Opinion: Unwillingness to compromise led to harmful state shutdown

The unfortunate but unavoidable shutdown of Minnesota government left in its wake a damaged economy, 22,000 disrupted state employees’ lives and doubts that Minnesota is a state that works.
This shutdown of the government will be debated for years, because some say it was unnecessary, and resulted in a short-term settlement and did little to fix the structural budget deficit.
After examining the shutdown’s consequences and the final settlement, the ECM Editorial Board has concluded the uncompromising positions on both sides flawed the process that led to an unavoidable shutdown.
The board agreed that the disruption to the lives of Minnesotans and particularly the 22,000 state workers, and harm to Minnesota’s economy were not worth the shutdown.

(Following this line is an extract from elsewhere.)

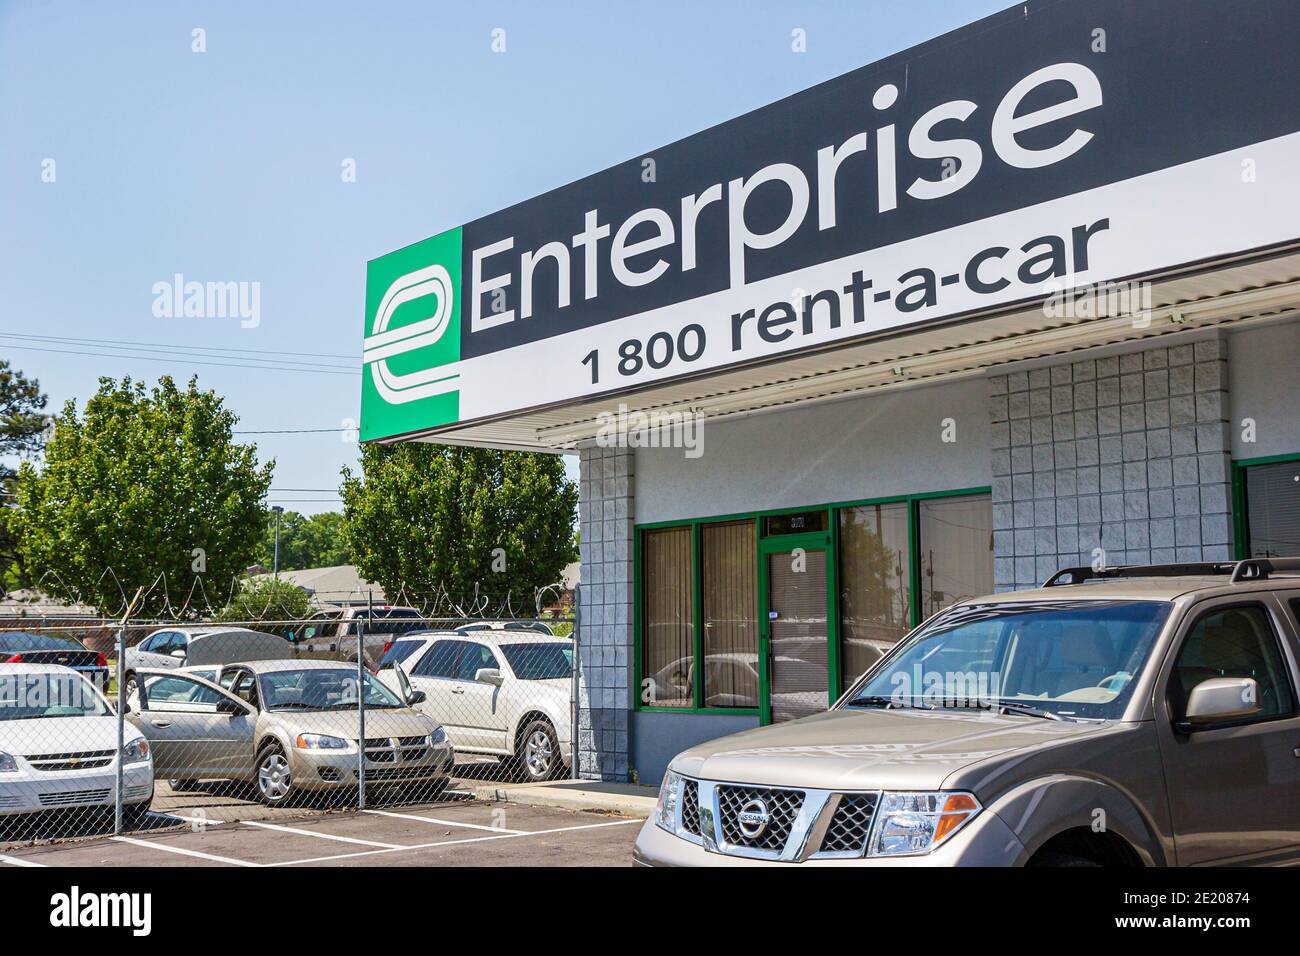 Alabama Montgomery Enterprise Rent a car,sign logo toll free telephone phone number,lot cars vehicles business outside exterior front entrance, Stock Photo

It’s true that the final settlement closely resembles the Minnesota Legislature’s June 30 offer, and critics of the governor claim he alone could have avoided the shutdown.
The governor got more money mainly for education and human services, while the Republican majorities in both houses succeeded in not raising state taxes, though agreeing to spend the extra $1.4 billion.
Make no mistake that hidden under the radar will be around $2 billion in real serious cuts to government services
The tragedy is that a new cast of state leaders chose the old route of shifting $700 million more from K–12 education and borrowing $700 million from the state tax tobacco settlement.
Further, the ECM Board believes a better budgeting process must be developed to avoid a shutdown from ever happening again.
While both political parties were unable to compromise, the ECM Board commends Gov. Mark Dayton for agreeing to a deal he didn’t agree with that stopped the shutdown when it appeared it was headed for a longer term.
Gov. Dayton succeeded in getting $1.4 billion more mainly to protect the state’s safety net. He, however, abandoned his campaign pledge to boost the tax rate of the top 2 percent of those who made $1 million or more a year.
Republicans, who control both houses, compromised and agreed to spend more than $34 billion they said was in the “checkbook.” They did live up to their pledge of not increasing taxes.
The governor can claim some satisfaction in removing from the deal the divisive social issues, adding a $500 million bonding bill and removing the 15 percent reduction in state employees.
Losers were the 22,000 state employees, businesses that depend on state licensing and regulation, such as Canterbury Downs and Running Aces, and the state’s tourist image.
As observers look over the wreckage caused by the shutdown, they must realize there has to be a better more disciplined process in developing and approving a budget.
There are those on both sides who will argue the settlement is bad, if for no other reason the structural deficit of billions of dollars still exists, casting doubts that the Legislature can grapple with this problem.
There has to be a better way to run state government. Here’s the $64,000 question: Next year, will voters remember the shutdown and look for candidates who can forge alliances and forget the partisan politics in the interests of doing what’s best for the state and its citizens? Only political time will tell.
ECM’s Editorial Board intends to get involved in the discussion of finding a balance of cutting spending and raising revenues to make the budget whole and to restore a state government that works. (Editor’s note: This editorial is a product of the ECM Editorial Board. The Star News is a part of ECM Publishers Inc.)